China's ZTE Headed To Court Over Possible U.S. Probation Violation
Lawyers for ZTE Corp have been summoned to U.S. federal court in Texas on Monday for a hearing over whether the Chinese telecommunications equipment maker violated probation in connection with an alleged conspiracy to commit visa fraud.
ZTE is on probation in the United States after pleading guilty in Dallas in 2017 to illegally shipping U.S. technology to Iran and North Korea.
The alleged visa fraud stems from a 2021 case in Atlanta, Georgia. ZTE was not charged in that indictment.
A former ZTE research director in New Jersey and a professor at the Georgia Institute of Technology allegedly conspired to bring Chinese nationals to the United States to conduct research at ZTE between at least 2014 and 2018, according to the indictment.
The Chinese nationals came to the United States on J-1 visas, designed for work and study at institutions like Georgia Tech, but allegedly conducted research for ZTE in New Jersey.
The professor, Gee-Kung Chang, has pleaded not guilty. The status of the former ZTE research director, Jianjun Yu, is unclear.
Shares of ZTE Corp in both Hong Kong and Shenzhen fell more than 12% last week after news of the hearing.
In a March 4 notice to the Hong Kong stock exchange, ZTE said Yu left the company years ago, and that no current employee had been charged in the visa case.
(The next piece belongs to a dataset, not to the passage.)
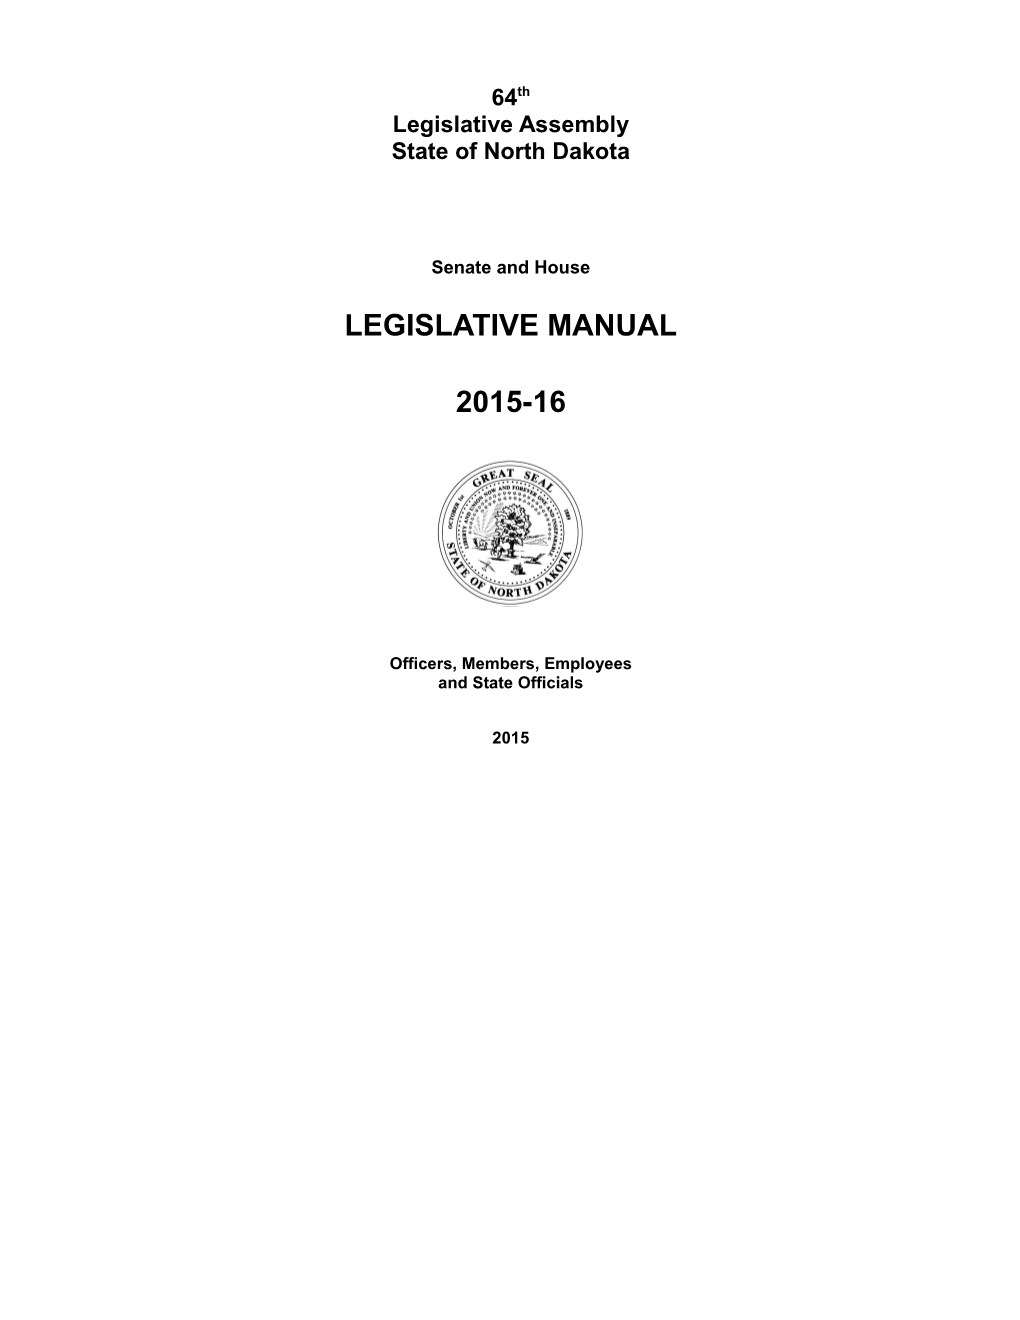 Legislative Manual 2015-16

ZTE said production and operation activities were being carried out normally.
A spokesman for the U.S. Attorney in Atlanta, where the visa case is pending, declined to comment, as did a spokesman for the U.S. Department of Justice in Washington. A lawyer for ZTE did not respond to a request for comment.
ZTE paid $892 million and pleaded guilty in Texas in 2017 to criminal charges for violating U.S. laws that restrict the sale of American-made technology.